Anche dopo il 31 ottobre 2020 la pratica del rilascio di certificati di origine Eur1, EurMed o ATR previdimati può proseguire, anche se gli stessi dovranno essere stampati dagli operatori sui modelli cartacei standard utilizzando un nuovo applicativo messo a disposizione dalle Dogane.
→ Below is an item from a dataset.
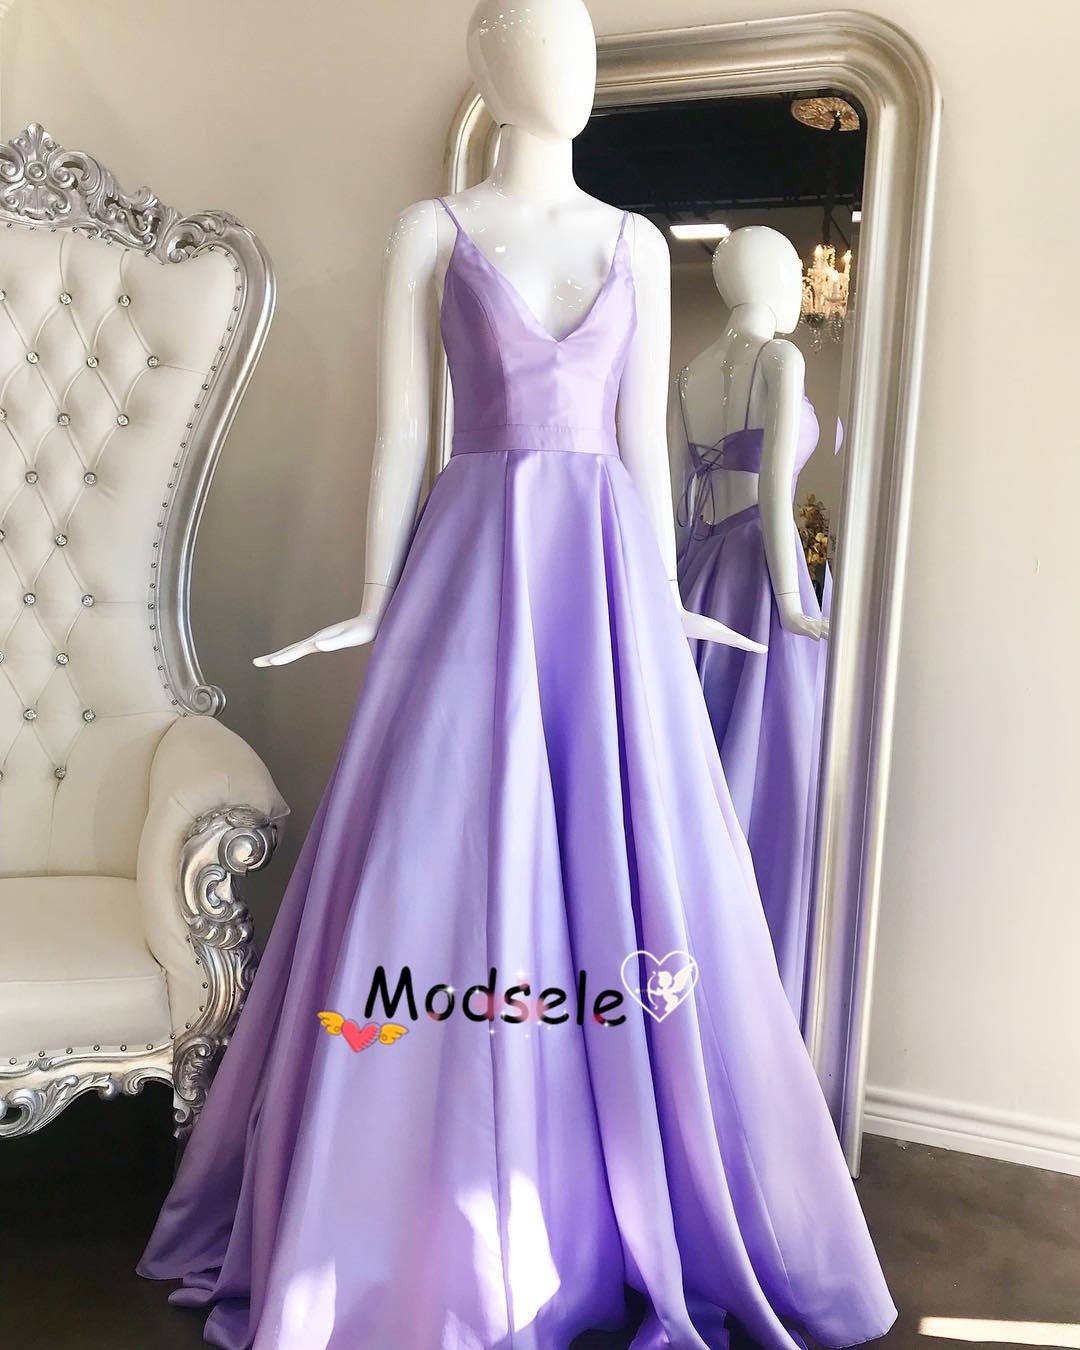 ed1f32bfb6f Elegant Lavender Long Prom Dress with Lace Up · modsele · Online ...
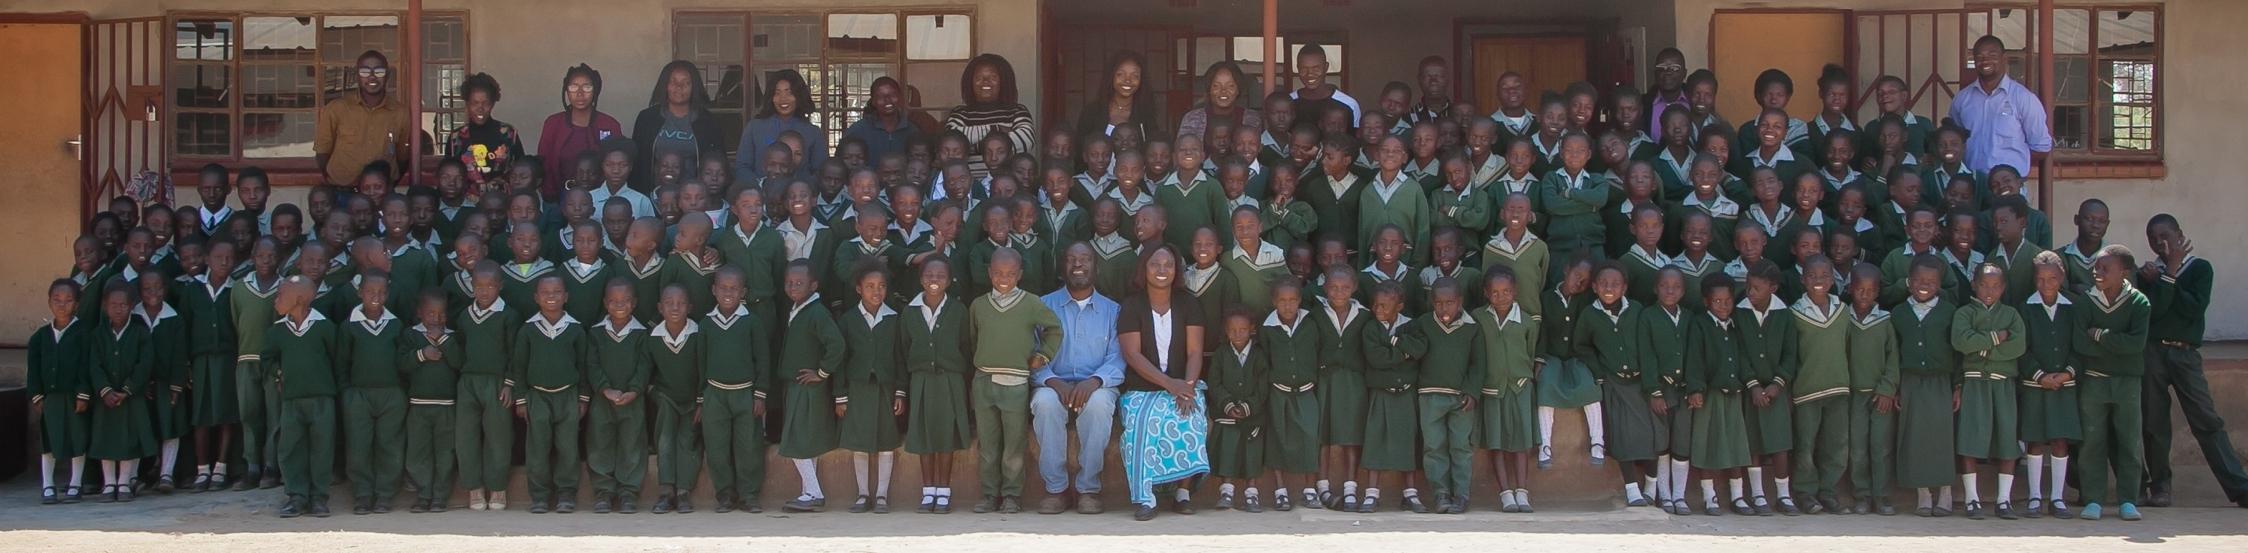 BCA George, Zambia in 2018

In alternativa, resta sempre primario il raggiungimento, da parte degli operatori, dello status di esportatori autorizzati all’autodichiarazione di origine preferenziale direttamente in fattura.
A partire, dunque, dal 10 novembre 2020 in via sperimentale e, poi, a regime dal 19 gennaio 2021, la stampa dei certificati dovrà avvenire utilizzando un nuovo sistema informatico in uso presso l’interfaccia dogane/operatori AIDA. In buona sostanza, a quanto si apprende dalla circolare n. 42/D/2020 dell’Agenzia delle Dogane e dei monopoli (ADM), gli operatori potranno continuare a richiedere il modello Eur1 previdimato, che però dovrà essere stampato in maniera uniforme da tutti i players del mercato, a tal fine generandosi una maschera sul sistema AIDA conforme peraltro ai dati di origine (e non solo) dichiarati nelle bolle doganali di esportazione.
Con questa soluzione, l’ADM di fatto abbandona i propositi di modifica del regime di rilascio degli Eur1 che, nell’ultimo anno, avevano agitato non poco il mercato. Con i precedenti indirizzi, infatti, gli esportatori che avessero inteso richiedere un certificato di origine preferenziale avrebbero dovuto farne esplicita e motivata istanza, sostenuta da un set documentale e informativo idoneo a mettere l’Ufficio nelle condizioni del rilascio. Questo processo, senz’altro più conforme al rigido disposto unionale e, se si vuole, più in linea con il sistema generale dei procedimenti amministrativi, si scontrava però con una realtà operativa molto rapida e pratica, per cui le merci in partenza e magari già in carico su un mezzo non possono attendere eventuali rallentamenti nei processi di valutazione di un’istanza. Per tale ragione, storicamente, si è ricorso alla pratica degli Eur1 previdimati, grazie alla quale gli spedizionieri potevano (possono e potranno) ritirare i certificati firmati “in bianco”, compilarli con i dati di legge e porli a corredo della spedizione in partenza.
Con il nuovo innesto informatico con cui il certificato è richiesto e generato in automatico, però, la pratica subisce un ulteriore upgrade, anche se, precisa la Dogana, “la procedura in questione interviene sulla mera modalità di richiesta della certificazione e sulla modalità di compilazione da parte dell’operatore economico, restando invariati i modelli ed i formulari attualmente previsti in materia di certificazione dell’origine delle merci e le modalità - ordinaria o “previdimata” - di rilascio del certificato da parte dell’Ufficio delle Dogane”.
La generazione automatica dei certificati, peraltro, elimina il rischio di possibili non corrispondenze tra i dati presenti nella dichiarazione doganale e quelli contenuti nella certificazione dell’origine delle merci, oltre a permettere, si suppone, l’esecuzione di migliori e maggiori controlli. È dubbio, forse, l’effetto che tale processo avrà sui certificati destinati a Paesi sensibili, che accettano certificati solo se compilati secondo certi formalismi: in questo senso, sarebbe preferibile che l’uso dei format sia adattabile alle esigenze del caso, solo per evitare problemi alle imprese nazionali.
Il parziale dietrofront delle Dogane, però, non deve distogliere l’attenzione, questa volta condivisa tra amministrazioni e mercato, dal bersaglio grosso rappresentato dal superamento dell’utilizzo dei certificati. Questo può essere raggiunto modificando, assai lentamente, gli accordi internazionali e, nel breve periodo, dall’ottenimento da parte delle imprese dello status di esportatore autorizzato, l’unico che veramente consente di prescindere da ogni forma di certificazione cartacea, snellendo i flussi di origine nell’ottica dell’efficienza e della piena consapevolezza.